Luke Jurevicius is a director, producer, composer and voice actor from Adelaide, South Australia, who is best known for his TV series The Adventures of Figaro Pho. He frequently collaborates with his brother, artist Nathan Jurevicius.

== Career ==
Jurevicius' first major breakthrough into independent animated filmmaking was the ABC cross-platform initiative, Dust Echoes. He was the creative director and composer for 13 X 5-minute animated films based on the Indigenous stories of the Beswick community in the Northern Territory, Australia. He was awarded the AGSC/APRA award for Best Music for Children's Television.

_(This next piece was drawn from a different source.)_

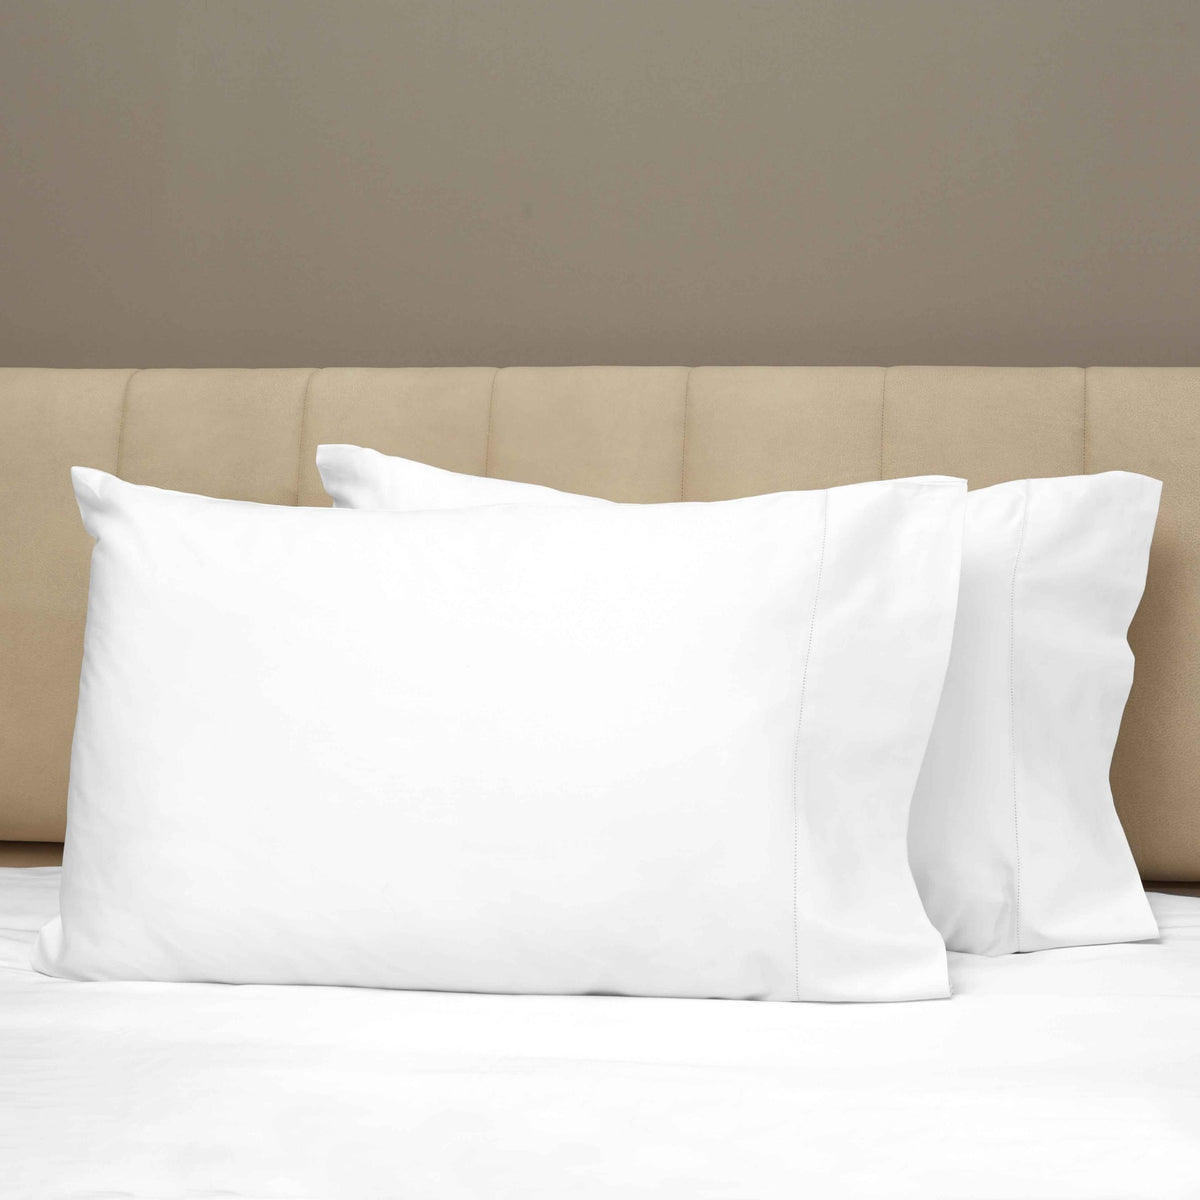 Closeup View of Signoria Raffaello Pillowcases in White Color

As a content creator/director/producer Jurevicius has brought to life numerous projects including two seasons of the animated interstitial series Horace in Slow Motion and the music video for Australian band The Audreys' song "Sometimes the Stars".

== Figaro Pho series ==
Luke's major breakthrough as a content creator was the worldwide hit series Figaro Pho (26 X 90second interstitial series). The animated series garnered numerous awards, including two AFI and three Kidscreen Awards in New York City.

The success of Figaro Pho attracted producers Chocolate Liberation Front, giving birth to the longform animated series The New Adventures of Figaro Pho, which has been aired in over 100 countries. The series collected multiple awards including the AFI/AACTA Award for Best Children's Television Animation, two Kidscreen Awards for Best Animation and Best Design, two Asian Television Awards and the AEAF Award for Best Children's TV series.

Following the success of series one, Luke directed & co-produced The New Adventures of Figaro Pho with Oscar nominated VFX giants LUMA Pictures under their newly created Luma Toons banner. Luke received the APRA/AGSC Music award the second time for his music composition.

== Work with Nathan Jurevicius ==
Luke has a long-standing collaboration with fellow artist and brother, Nathan Jurevicius (Scarygirl) and together, they co-created, directed and produced PELEDA – a multi-platform animation set in a pseudo-Baltic wonderland. It wowed the Kidscreen Judges, winning two Kidscreen Awards in NYC. It also won the AACTA Award for Best Production Design and the Golden Panda Award in China for the Most Innovative Mature Audience Web-based Animation Award.

The duo paired up again to produce the short film Junction, based on Nathan's original graphic novel, with leading Lithuanian studio Okta Films. Junction was screened in over 50 festivals around the world and received the Vilnius International Film Festival "Kino Pavasaris" award for Audience choice, the internal Judges award at the Rincon International Film Festival and the Best Animation Short Movie award at the Cayman Islands International Film Festival.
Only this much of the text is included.